Obesity (Silver Spring). 2012 Jun;20(6):1240-8. doi: 10.1038/oby.2011.86. Epub 2011 Apr 28.
Changing BMI categories and healthcare expenditures among elderly Medicare beneficiaries.
SourceWest Virginia University School of Pharmacy, Department of Pharmaceutical Systems and Policy, Morgantown, West Virginia, USA. firstname.lastname@example.org
AbstractTo examine the association between changes in BMI categories and health-care expenditures among elderly Medicare beneficiaries using longitudinal data of the Medicare Current Beneficiary Survey (MCBS) 2000-2005. Changes in BMI were (i) Stayed Normal: individuals with a normal BMI at baseline and follow-up; (ii) Stayed Overweight individuals with overweight BMI at baseline and follow-up; (iii) Stayed Obese individuals with obese BMI at baseline and follow-up; (iv) Normal-Overweight: individuals with normal BMI at baseline and overweight BMI at follow-up; (v) Overweight-Obese: individuals with overweight BMI at baseline and obese BMI at follow-up; (vi) Overweight-Normal: individuals with overweight BMI at baseline and normal BMI at follow-up; (vii) Obese-Overweight: individuals with obese BMI at baseline and overweight BMI at follow-up.
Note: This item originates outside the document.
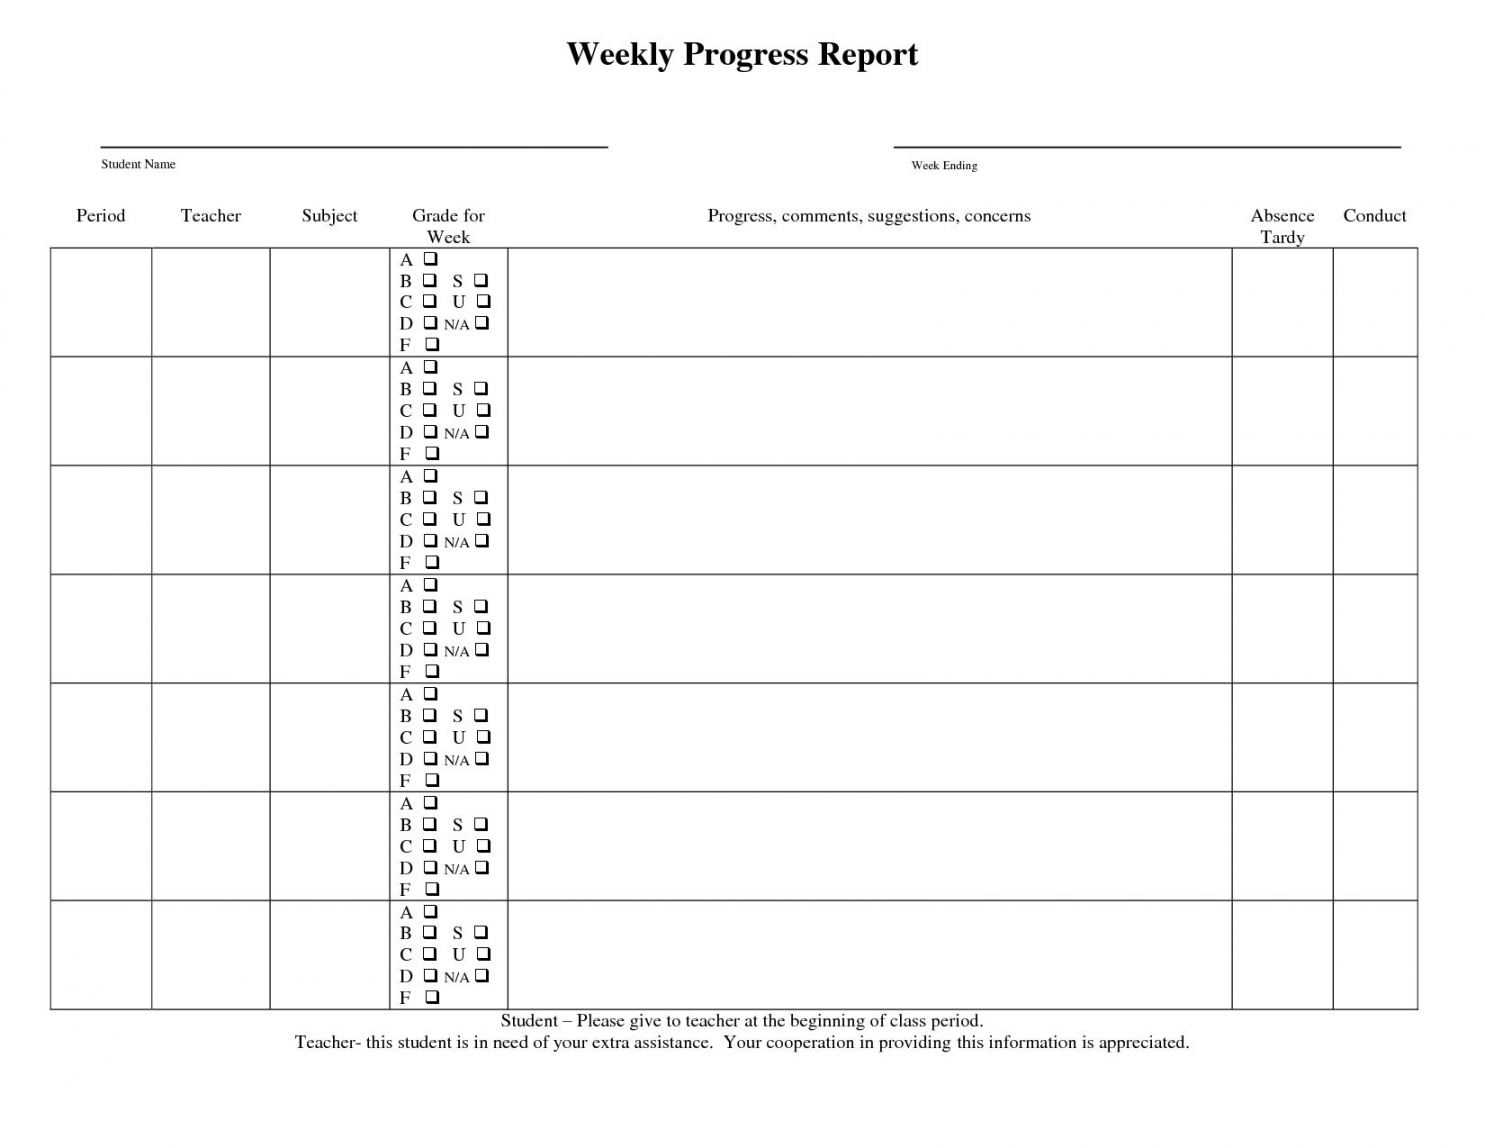 Daily Progress Report Format Excel Construction Glendale In High School Progress Report Template

Ordinary Least Squares (OLS) models on logged Year 3 expenditures were used to analyze changes in expenditures between BMI categories. Overall, 35% Stayed Normal, 34% Stayed Overweight, 18% Stayed Obese, 4% gained weight from Normal-Overweight BMI, 3% gained weight from Overweight-Obese BMI, 5% lost weight from Overweight-Normal BMI, and 3% lost weight from Obese-Overweight BMI. Adjusted models revealed those who Stayed Obese had increased total and multiple expenditure types that were significantly higher than Stayed Normal including total (11%), outpatient (25%), prescription (9%), and medical provider (4%). Compared to Stayed Normal, total expenditures were both 26% higher for Obese-Overweight and Overweight-Obese. The current findings highlight the importance of maintaining a normal BMI in the elderly.